Most usage is indeed x86-hosted. While the x64-hosted x64-targeting compiler has been available from the beginning of MSVC's x64 support, the x64-hosted x86-targeting toolset is relatively recent (VS 2102 or VS 2013, I think). In general, the x86-hosted compilers are marginally faster than the equivalent x64-hosted compiler, and since x86-hosted has always been the default, most developers don't switch to the x64-hosted toolset unless they run into code that won't compile or link without running out of memory space on the x86-hosted toolset. Also, the x64-hosted toolset won't run on machines running a 32-bit OS, which are more rare these days, but still exist. The existing Clang behavior would have failed on a 32-bit OS when targeting x64, though, so if we've gotten away with it this long, we're probably OK.

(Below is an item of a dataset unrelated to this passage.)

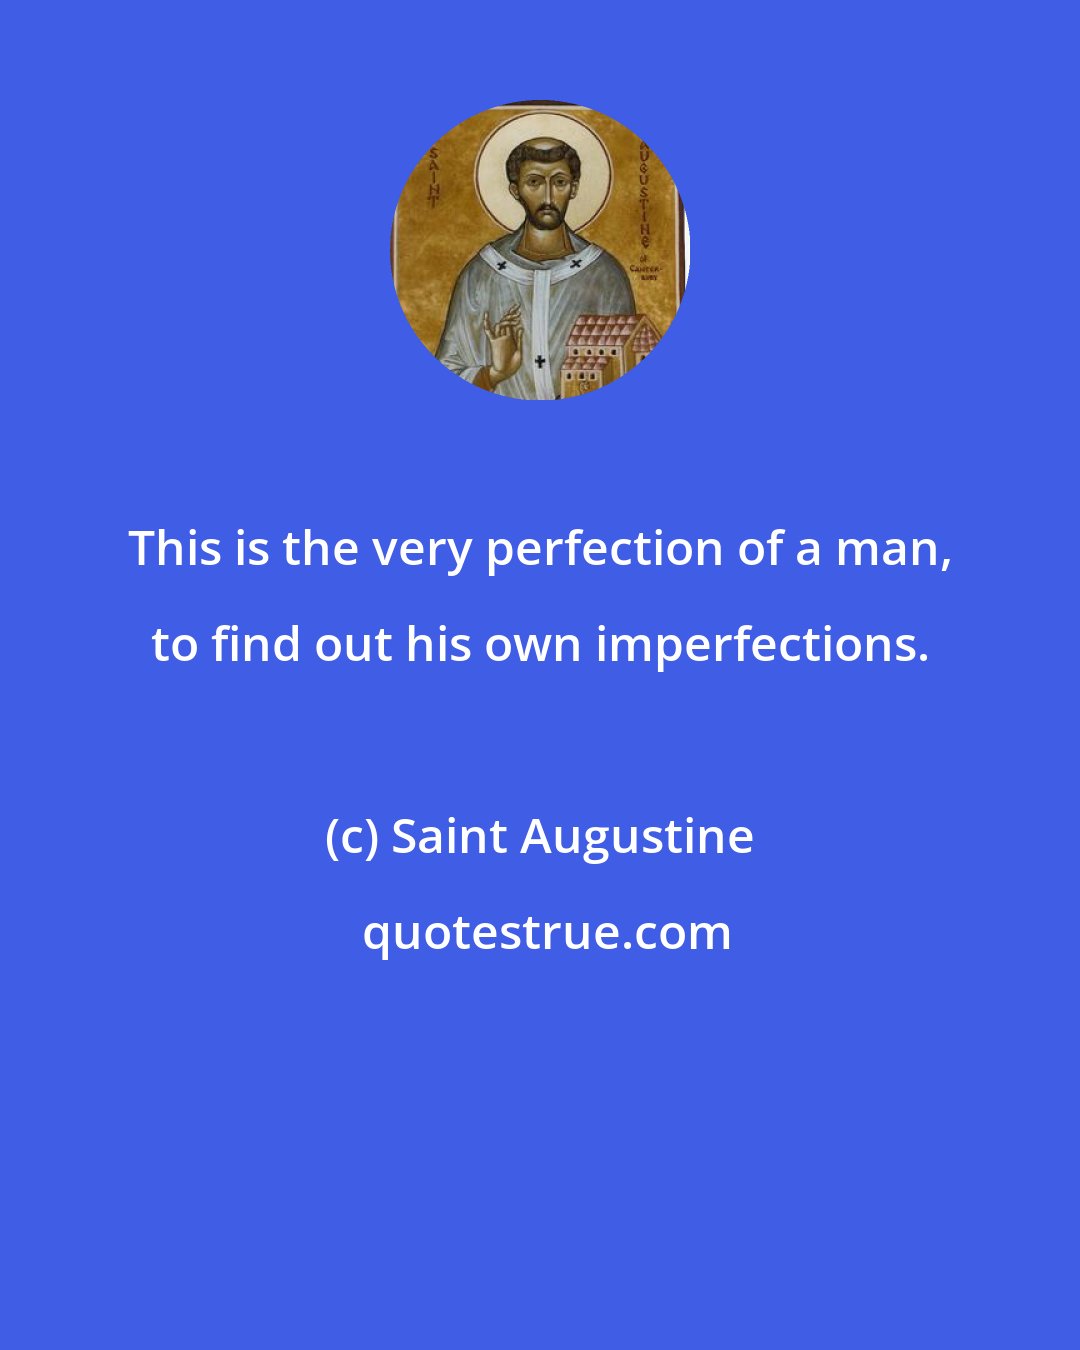 Saint Augustine: This is the very perfection of a man, to find out his own imperfections.
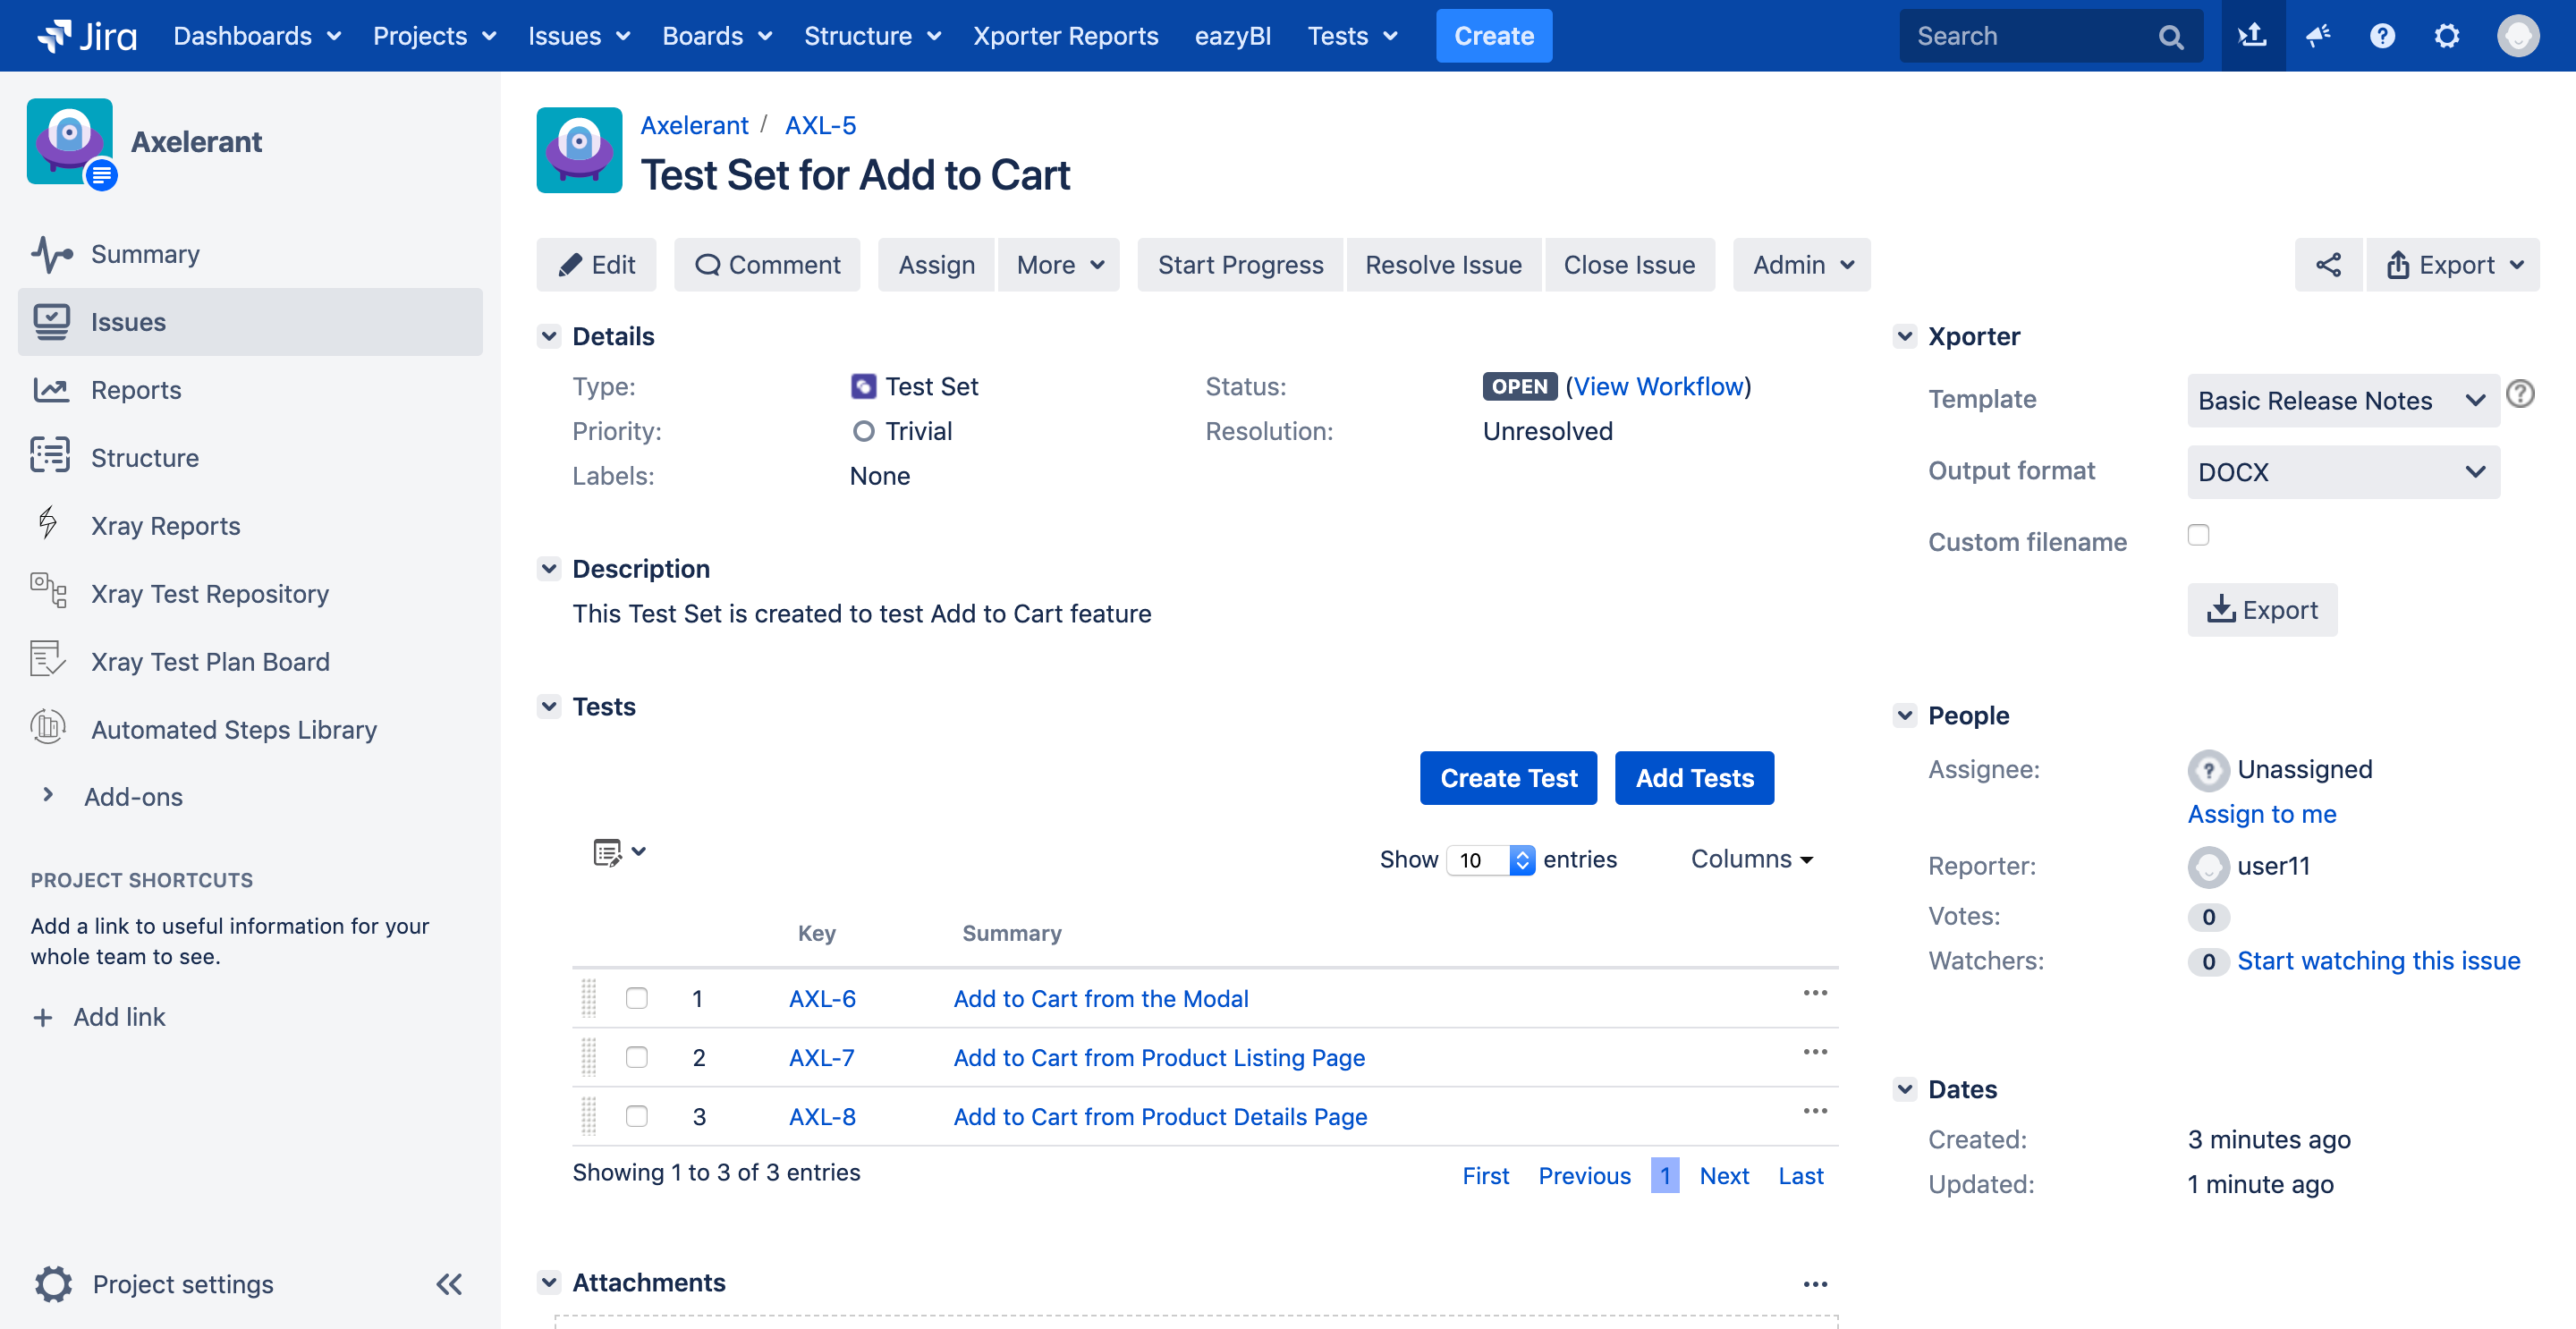 screenshot of Jira board for test set for Add to Cart

One reasonable solution would be to choose the toolset that is hosted on the same architecture as the host of clang.exe (e.g. x64-hosted Clang looks for x64-hosted MSVC). If this sounds good, I can make that change in a follow-up commit.
I was worried about the OOM situation with the 32-bit toolchain. As long as there is a way to get to the 64-bit version, I don't think that it matters too much that we default to x86. It sounds like even then, its not been a concern?
We had big OOM problems with the x86 hosted tool chain when targeting x86, I think we'd much rather use the x64 hosted toolchain whenever possible...
I like that, it seems more principled. In the meantime, I think we should go with VC/amd64_{x86|arm}/bin instead. Maybe I'm biased, but I've seem more linker failures due to address space exhaustion than 32-bit Windows kernels.
@rnk, okay, that seems reasonable enough. Although, we should check to ensure that the x64 toolchain is available and make a decision on that.
BTW, seems that I had missed the proposed solution. That is exactly what I had in mind, and in an offline conversation with @majnemer it seemed acceptable to him as well.
Just to make sure I'm clear on the consensus, the new plan is:
If clang.exe is x64-hosted and an x64-hosted MSVC toolchain is available, use the x64-hosted MSVC toolchain. Otherwise, use the x86-hosted MSVC toolchain.
Right?
Updated the selection algorithm based on review feedback. Now, if clang.exe itself is x64-hosted, we'll look for the x64-hosted MSVC toolset if it exists. If clang.exe is not x64-hosted, or if the x64-hosted MSVC toolset is not found, we fall back to x86-hosted MSVC toolset.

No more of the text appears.